I believe that if you want something you have to make the effort.

I believe that women limit themselves more than society limits them.

I believe it’s okay when a man opens the door for a woman.

I believe it’s okay when a woman stands in the shadows as support, rather than the spotlight for the credit.

I don’t believe all men are trying to be offensive when they comment about your family plans.

I don’t believe women are cut out for every job available.

I don’t believe men are cut out for every job available.

I don’t believe women should be shamed for choosing not to raise a family.

I don’t believe women should be shamed for choosing to stay in the home and raise a family.

I am so afraid that the young people in this world are going to grow up preconditioned to believe that equality is not achievable and no matter what they do, they will be oppressed because of gender, race, financial status, or any number of things we hear about these days.

This is wrong.

I’m sorry if you’re a woman that has been ignored or discredited simply because you’re a woman, but please don’t let that experience set the tone for the rest of your life.
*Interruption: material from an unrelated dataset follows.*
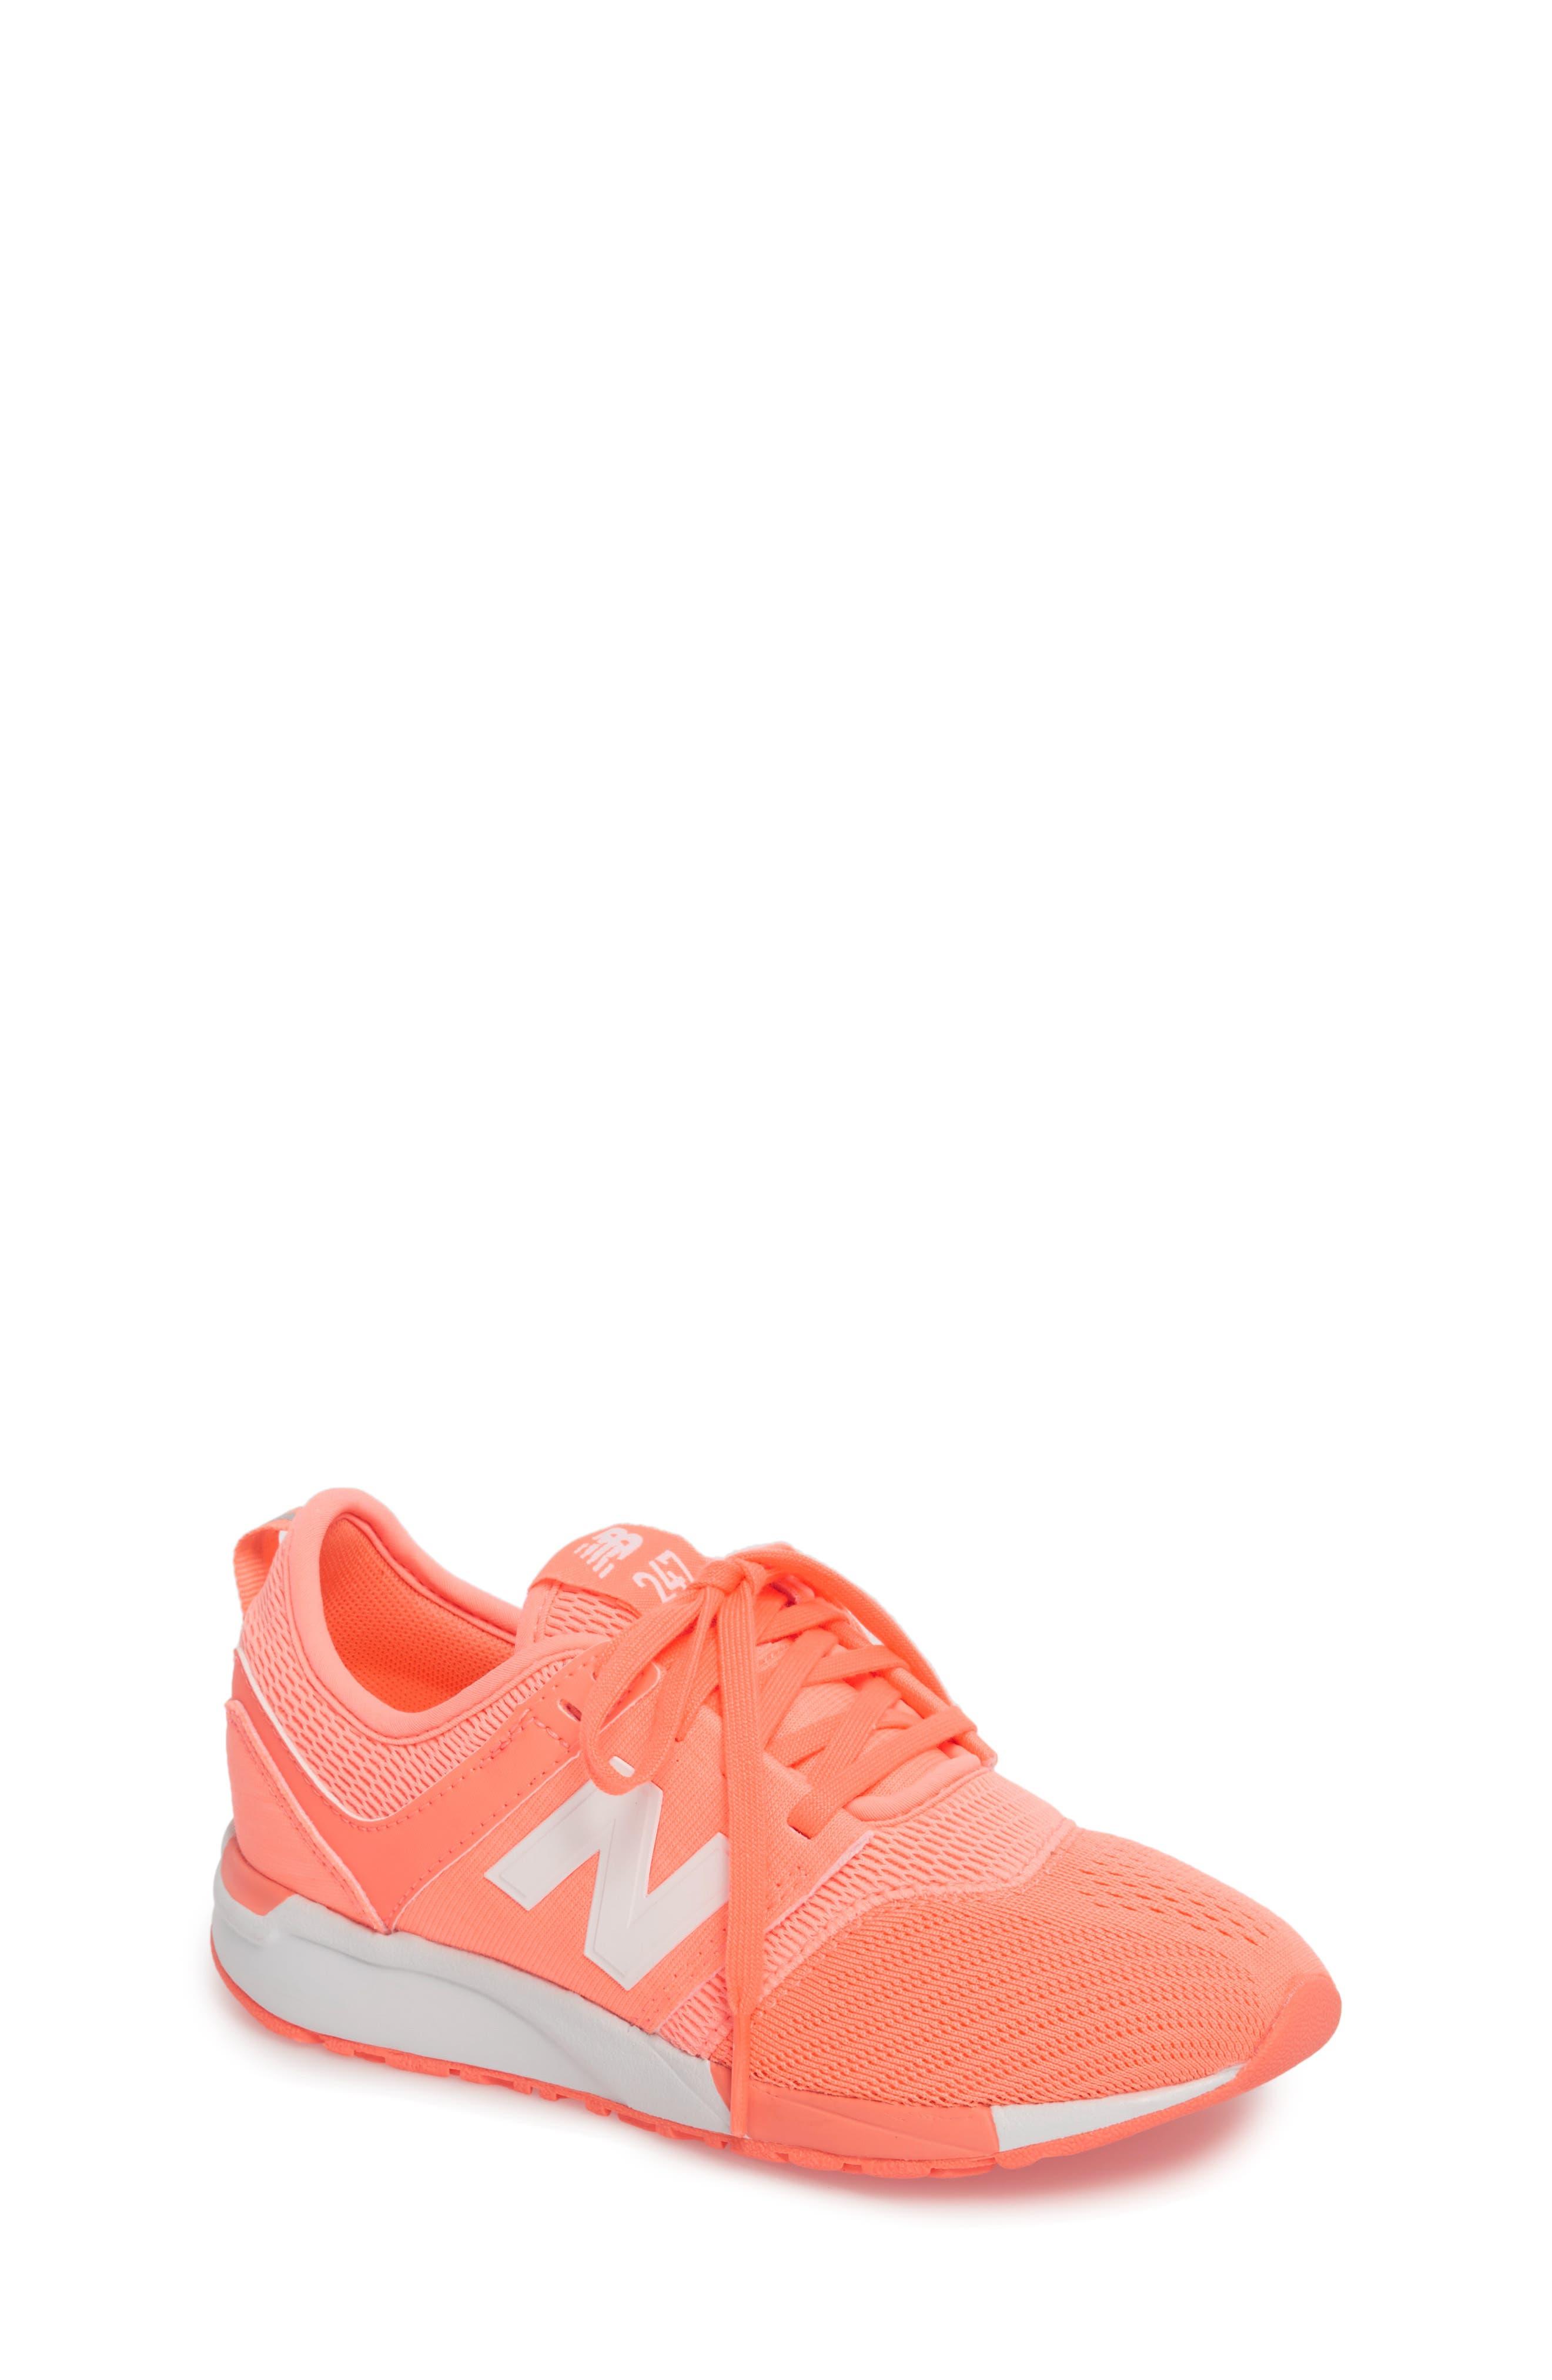 247 Sport Sneaker,                         Main,                         color, 653

Instead of letting these experiences turn into the chip on your shoulder, let them turn into motivation. Motivation that propels you to the heights you want to climb. Set the example of what women can achieve rather than an example of how loud we can complain.

If you’re a man that has been chastised for your efforts to help, for being chivalrous, or for trying to be inclusive, please don’t let that experience set the tone for your relationship with all women. Proudly support equal opportunities for all and continue to value those that that bring value.

Please know this. You are capable of more than you know and possibly more than you’re being told. Trust yourself and know yourself. Find the balance between what makes you happy and what makes you a valuable member of the community. Foster those skills, follow that path, and find the joy that lies within.